For a big part of my life, I avoided food.  Many reasons some I still battle with, some are distant memories.  Even learning to let go and eat for enjoyment and substance, I still wanted the perfect body.  Guilt is a frequent mealtime companion, even if most bites shut it up.  I don’t struggle like I used to but I still long for that perfect body.

Lately, my perfect body has changed.  No longer do I wish I still fit into a size 6.  Watching my mom’s body shrink away has given me a new appreciation for every bite I take and every stubborn pound I wear.  Health matters more than being a vision in a photograph.

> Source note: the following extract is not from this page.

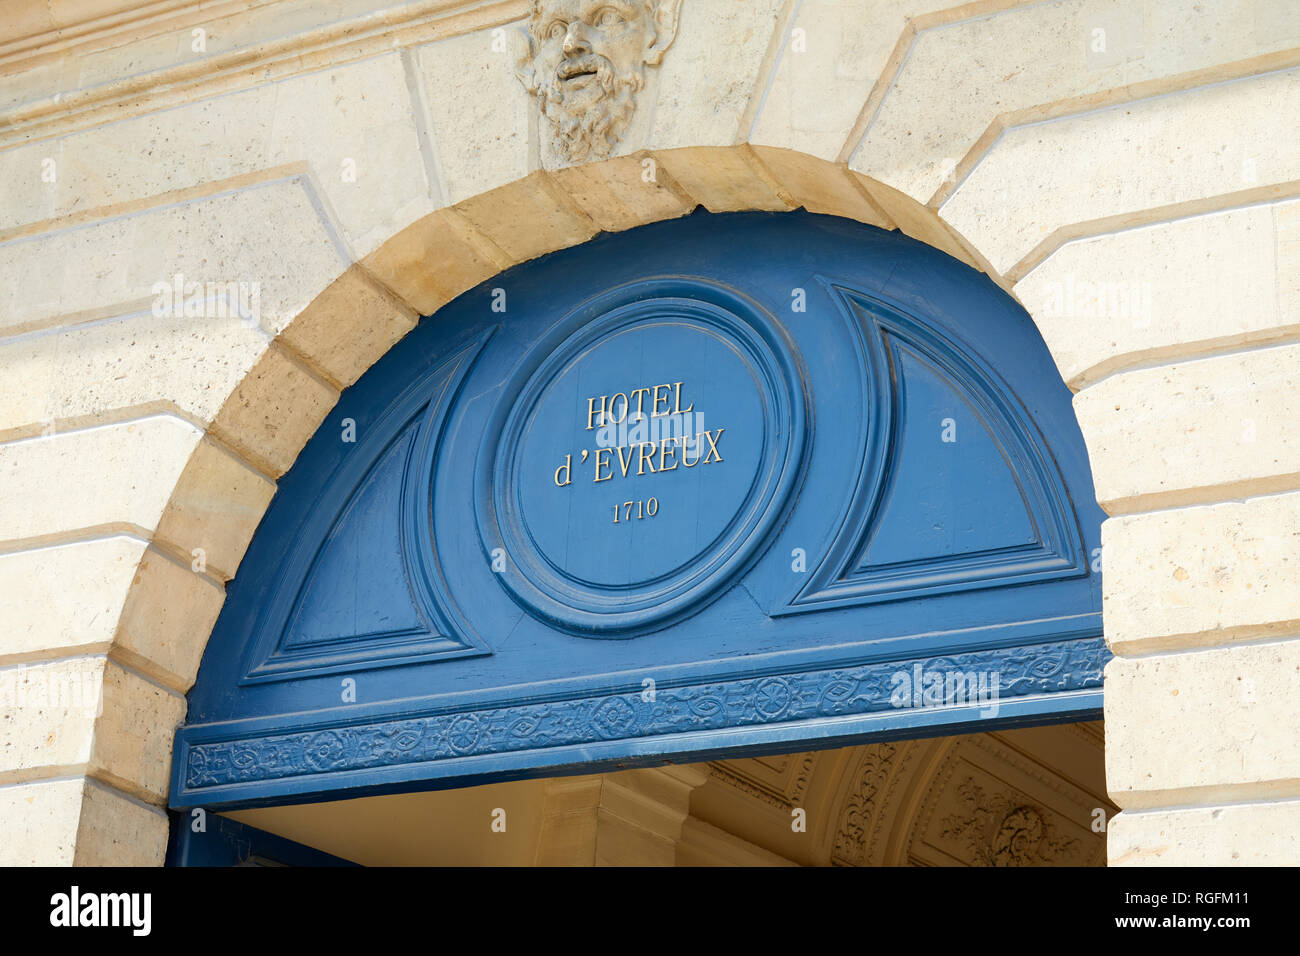 PARIS, FRANCE - 07 juillet 2018 : l'hôtel d'Evreux signe et porte bleue de la place Vendôme à Paris Banque D'Images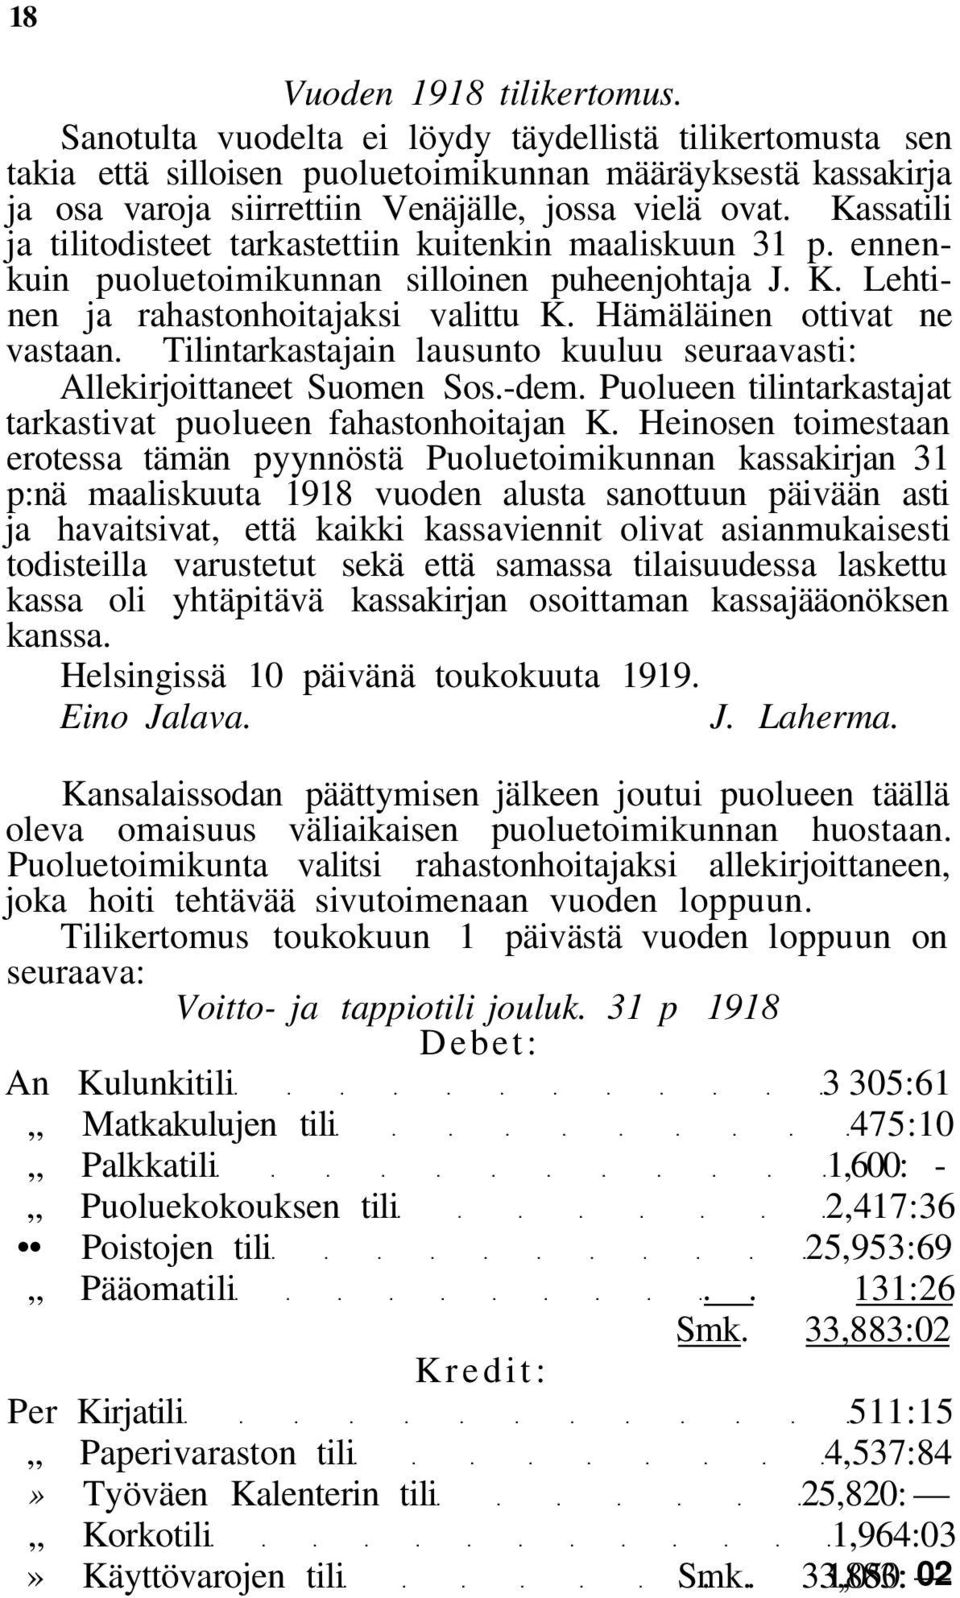 Kassatili ja tilitodisteet tarkastettiin kuitenkin maaliskuun 31 p. ennenkuin puoluetoimikunnan silloinen puheenjohtaja J. K. Lehtinen ja rahastonhoitajaksi valittu K. Hämäläinen ottivat ne vastaan.

Thankfully I can eat pretty much what I want, when I want.  I am physically able to walk to a fridge and open it whenever I like.  Spoons aren’t too heavy for me to manipulate.  A box of juice is easy to finish in one sitting.  There is food in my pantry to choose from.

For these things I am very thankful.

On the way home from class, I stopped and had a chocolate milkshake in celebration of all that I am thankful for.  Not a single guilty thought allowed.  I could almost swear it tasted better that way.

So when I saw today’s list for the 52 Lists it made me laugh.  52 Snacks.  Food.  Again I am to think about food!

52 Snacks

 

 

Run, Run Fast As You Can

Note to self:  You are super & you are a woman, but you are not Super Woman!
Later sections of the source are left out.